I was no longer sure about my faith. Increasingly I realized that what I have been taught as "biblical doctrines" were filtered through the lens of the white, conservative American Protestants and that there were other ways to look at the Bible. I looked to Judaism for what I thought to be the original and traditional understanding of the scriptures, and by 1998, I was seriously considering conversion.

I was disillusioned and explored other faiths as an adult. While I ultimately decided against converting to Judaism, the process permitted me to look beyond the Evangelical ideas of God. I spent a year in a Unitarian Universalist congregation, then a few years in progressive mainline Christian churches, with a few episodes of joining the Neo-Pagan community. But for the most part, I was going through the motions, using the church as a source of comfort and occasional social outlet. I was a sincere seeker, but I was also arrogant and full of ego. I wanted to learn everything there is to religion and spirituality so that I could construct my own personal cult and hide my insecurities and issues, including self-hatred and hatred of others.
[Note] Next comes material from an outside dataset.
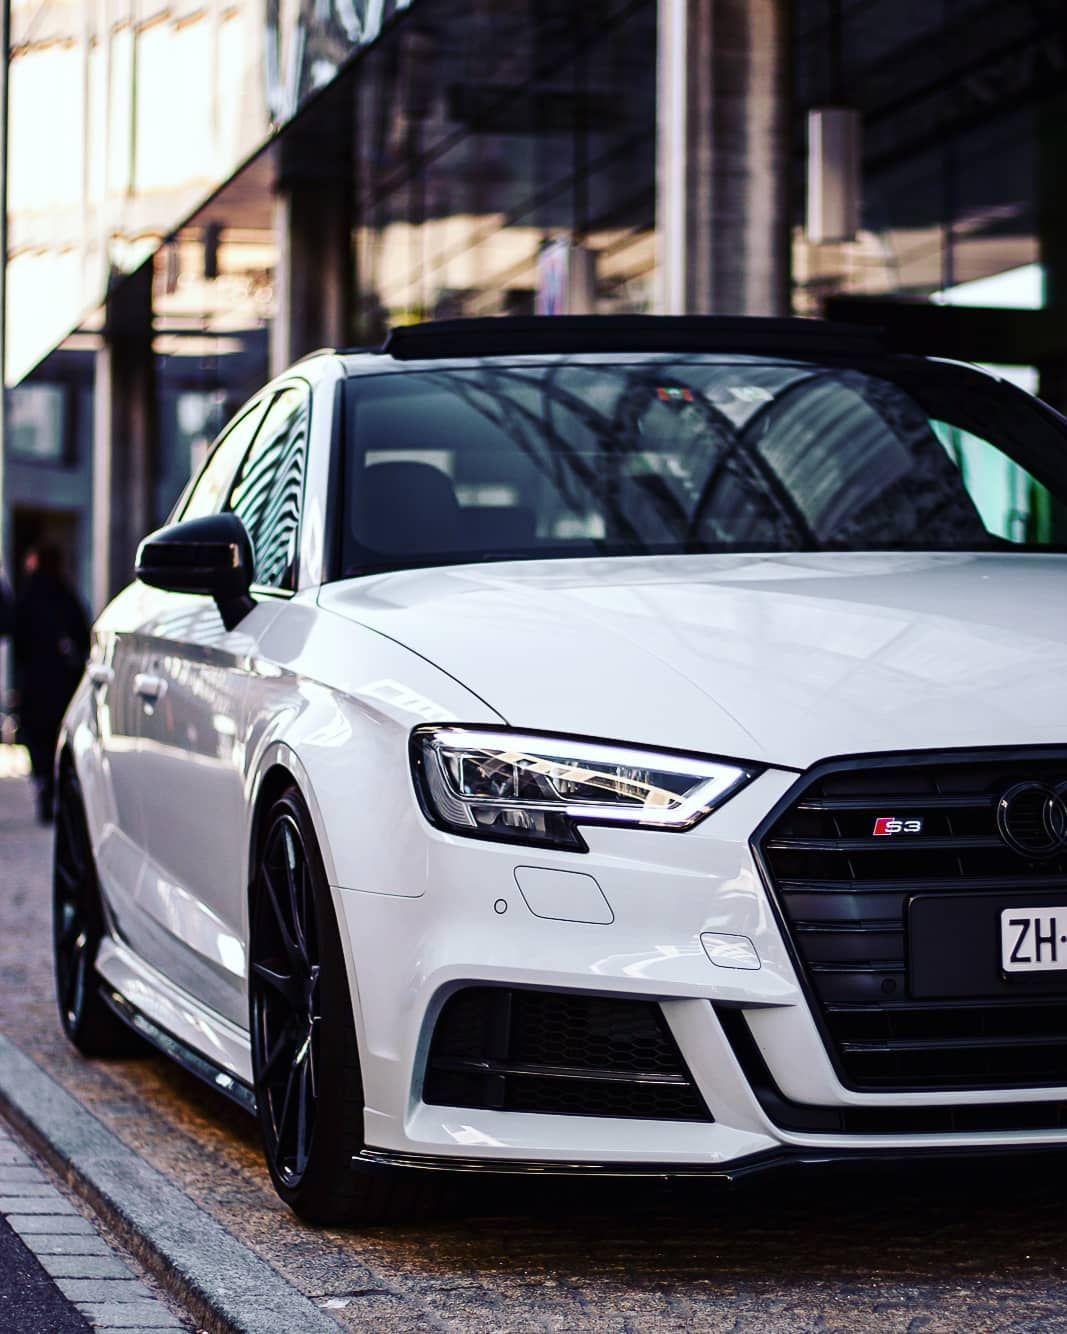 Audi S3 Sedan Modified Audi S3 Sedan In 2020 Audi Rs3 Audi Sedan Audi

I may not be a conservative or a "Christian" nationalist, but I have been just as much of an edgelord who did not love, and who delighted in offending others and in moments of schadenfreude. I wasted 33 years like this, and only now that I realize I was wrong.
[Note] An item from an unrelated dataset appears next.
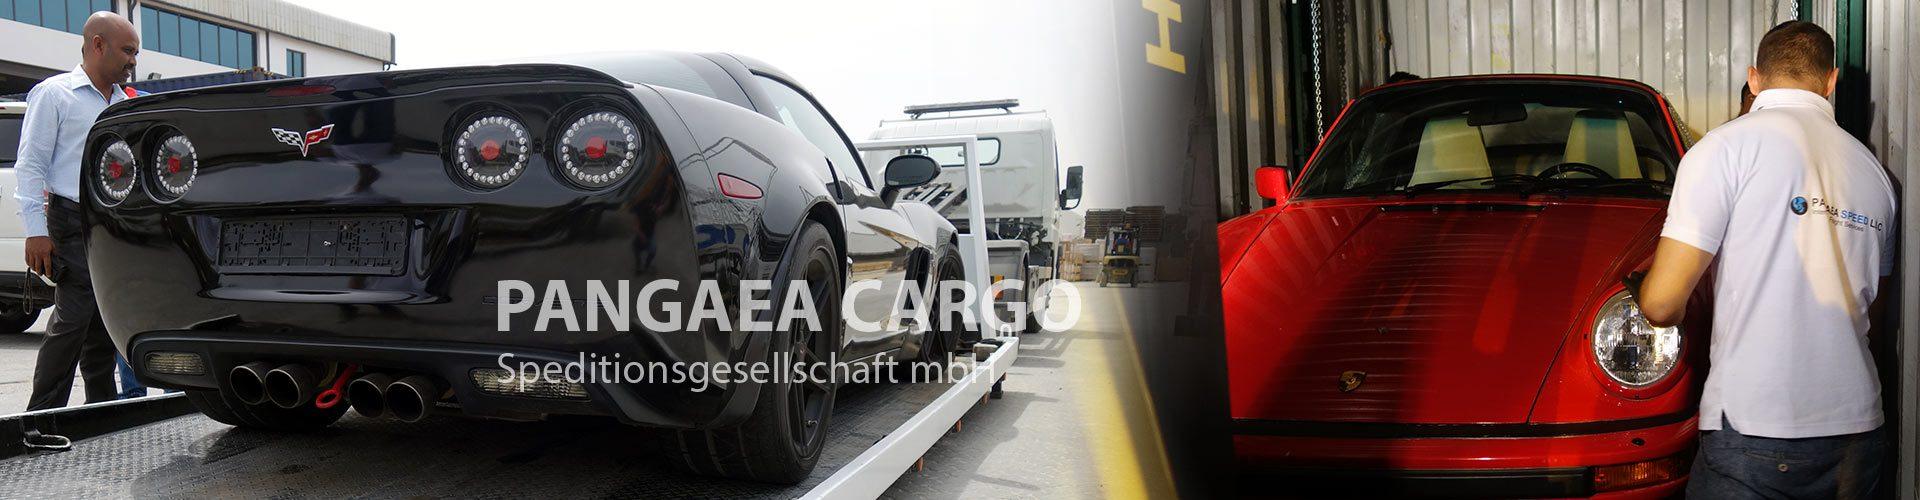 Dubai-Transport-Auto-02

As to "Christian" nationalists, I hope that they too will eventually come to this realization and introspection. I too was a product of conservative white American Christianity, brought to me by American missionaries, U.S.-influenced churches, and U.S.-based missionary and parachurch organizations. I hope they too will find that this form of "being a Christian" hollow, shallow, and contrary to the fruit of the Holy Spirit (Galatians 5:22-23).

Today, apparently many of them are upset that President Joe Biden issued a proclamation that tomorrow, March 31, to be the Trans Day of Visibility. The far-right talking heads falsely accuse Biden of "banning Christian symbols on the White House easter eggs" (a long-standing WH policy for the last 45 years, including during the Trump

administration) and "persecuting" Christians by making Easter a day for trans folks instead (March 31 has been TDOV for over a decade, and Easter is a movable feast day that happens to be tomorrow this year). Sorry, MAGAs, but it's not about you and it's not always about you. The world does not revolve around "Christian" nationalists, or for that matter, trans people. Persecution complex and false victimhood often become excuses for bad behaviors and un-Christlike behaviors, including hate crimes, doxxing, death threats, and even the January 6 insurrection attempt.

As a recovering edgelord Christian seeking a more Holy Spirit-centered way, take it from me: people will not glorify God for you being an asshole hiding behind the guise of

feigned godliness and "biblical" doctrines; people will, however, see Christ in and through you if you love one another (John 13:35).